Придвинув кресло, он сел напротив, поставив мои ноги себе меж колен и, наклонясь, спросил: «Что скажешь хорошего?» – «В жизни хорошего мало», – сказала я. Он засмеялся, и я увидала его белые хлебные зубы, крепкие, точно звериные. «Это ты-то говоришь! – и, погладив меня по лицу, он прибавил: Слышь, што я тебе скажу? знашь стих церковный: от юности моея мнози борют мя страсти, но сам мя заступи и спаси, Спасе мой, знашь?» Говоря «знашь?», он быстро щурил глаза и бегло взглядывал острым хищным взглядом, мгновенно гаснувшим. «Знаю», – ответила я, недоумевая и не понимая, к чему он это сказал. «Ты постой, постой, – торопливо остановил он меня. – Я тебе все как есть докажу. Понимашь? До тридцати годов грешить можно, а там надо к Богу оборотиться, а как научишься мысли к Богу отдавать, опять можно им грешить (он сделал непристойный жест), только грех-то тогда будет особый – но сам мя заступи и спаси, Спасе мой, понимашь? Все можно, ты не верь попам, они глупы, всей тайны не знают, я тебе всю правду докажу. Грех на то и дан, штоб раскаяться, а покаяние – душе радость, телу сила, понимашь? Знашь што, поговей на первой неделе, што придет?» – «Зачем?» – спросила я. Он всполошился и близко наклонился ко мне. «Тута спрашивать неча, – забормотал он, – хошь верь тому, што я говорю, тогда слушать должна, а я тебе все скажу, всю правду докажу, ходи только ко мне почаще. Ах ты моя дусенька, пчелка ты медова. Полюби меня. Перво дело в жизни любовь, понимашь? От свово, да любимого, все примешь, всяко слово стерпишь, а коли чужой – то стану я тебе што хошь говорить, в одно ухо впустишь, а друго выпустишь. Посиди маненько, а я письмо напишу, пратецю просят».
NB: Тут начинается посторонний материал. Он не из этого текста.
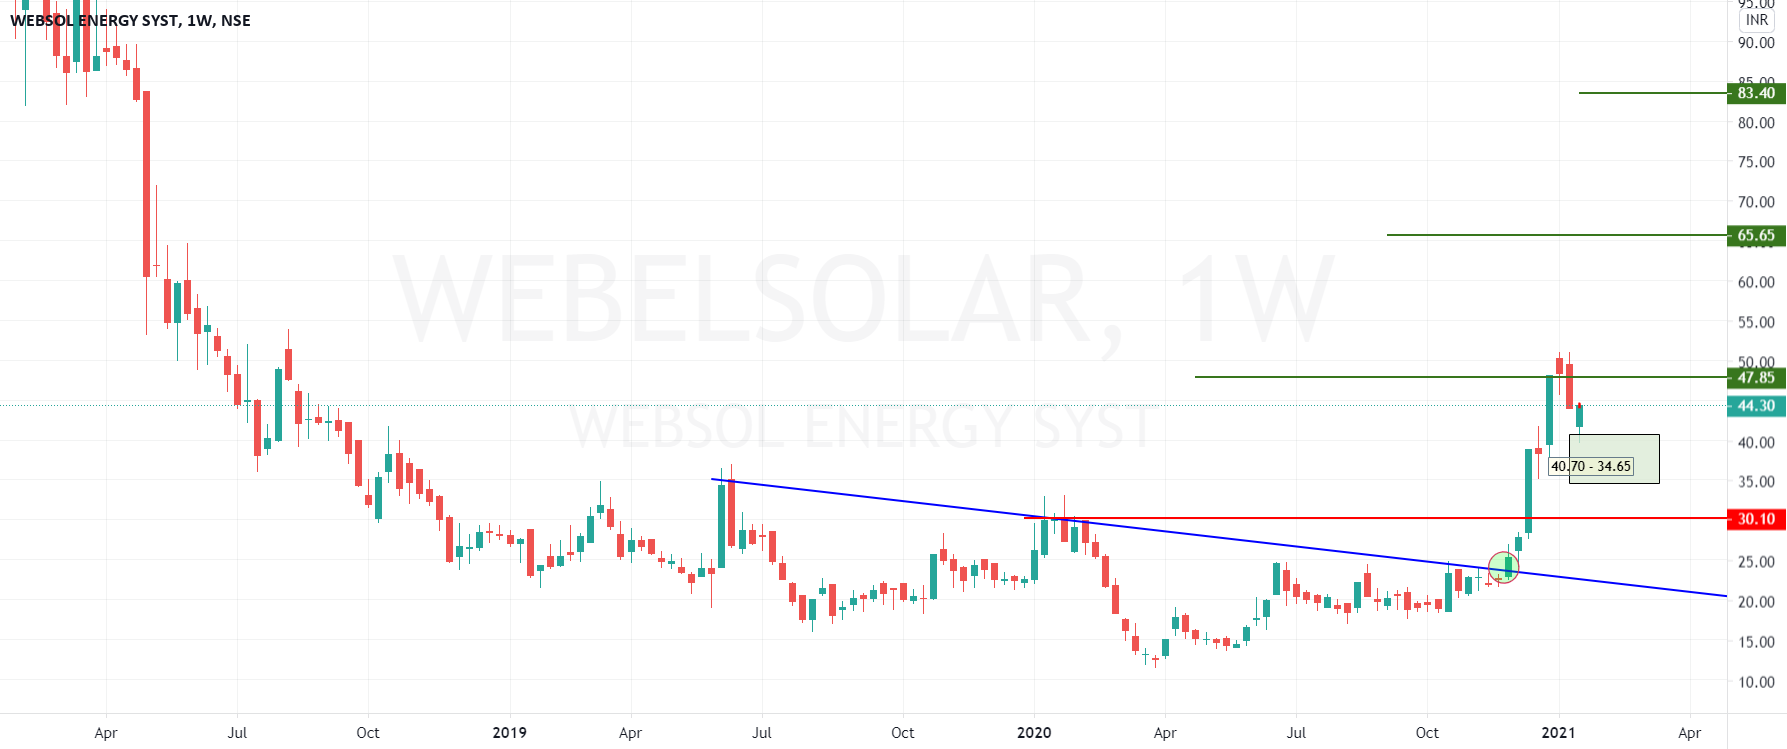 Reasons Why the Websol Share Price Will Soar in 2019

Подойдя к столу, он взял перо и стал писать, скрипя и громко шепча каждое слово, перо вихлялось в его руке как привязанное. Буквы, крупные, кривые, он точно нарочно прилеплял к бумаге. Отрываясь от писания, подбегал и целовал меня. Я сказала наконец: «Ну долго же им придется ждать вашего письма». Р. махнул досадливо рукой: «Ох, дусенька, больно уж не люблю писаний этих, то ли дело слово живо, а то гляди, што – чиста сажа, вот только и написал», – он протянул мне записку. Там стояло нелепыми каракулями выведенное: «Милой дорогой ни аткажиистелаи празьбу можише иму дать да Григорий». – «А что же вы не пишете кому?» – спросила я. Р. как-то растерянно улыбнулся: «А нешто я всех упомню, чай сами знают, какому министру несть, а для меня все одно: милай, дорогой, – я всем так пишу. Сиди тута, сичас отдам», – и он убежал.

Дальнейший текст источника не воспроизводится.